While several students touched on their personal experiences as minorities, graduate student David Nee spoke of his experience coming from a background of “privilege.” Nee said he personally believes that one cause of the leaky pipeline is “the failure of privileged students to be more active in demanding institutional change.”

Nee said being a “mixed-race man who passes for white” and coming from an upper-middle class family where both of his parents received Ph.D.s from Harvard “cushioned” him against the issues that minority students face.

“We talk a lot about white privilege. I think we need to talk more about white complicity,” Nee said. “If I’m not oppositional, I am complicit.”

Owusu said a collective bargaining unit provides a “clear vehicle for change.” In late February, members of the union effort announced that a majority of graduate students employed by the university supported unionization.

The Graduate School of Arts and Sciences administration has sought to increase diversity within the school. In the 2014-2015 school year, eight percent of enrolled students were underrepresented minorities. The GSAS Office of Diversity and Minority Affairs “is committed to expanding the pool of talented students who apply to graduate school,” according to its website.

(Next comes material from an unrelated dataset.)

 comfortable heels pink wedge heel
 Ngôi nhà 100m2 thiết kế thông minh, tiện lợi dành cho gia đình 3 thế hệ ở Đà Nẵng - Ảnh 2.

Undergraduate student Brianna Suslovic ’16, a member of the Student Labor Action Movement, said visibility is important to show students of color that a doctoral education is possible.

“How am I supposed to feel about a career in academia when there are so few TFs of color, when there are so few graduate students of color who are visible to me?” Suslovic said.

GSAS has created several summer outreach programs in effort to help fix the pipeline, such as the Summer Honors Undergraduate Research Program, which places minority undergraduates in research labs and matches them with graduate students for informal mentoring.

With regard to the speaker lineup, Owusu said there was no shortage of supporters from diverse backgrounds who wanted to share their experiences. Graduate student unionization members were joined by dining hall workers, women in STEM, and a member of Reclaim Harvard Law.

The rally was punctuated by high-energy chants, such as “Harvard fix your leaky pipes, support grad workers of all stripes.” A few freshmen living in Matthews were brought outside by the noise.

At the end of the rally, Owusu and others attendants said “we’ll be back.”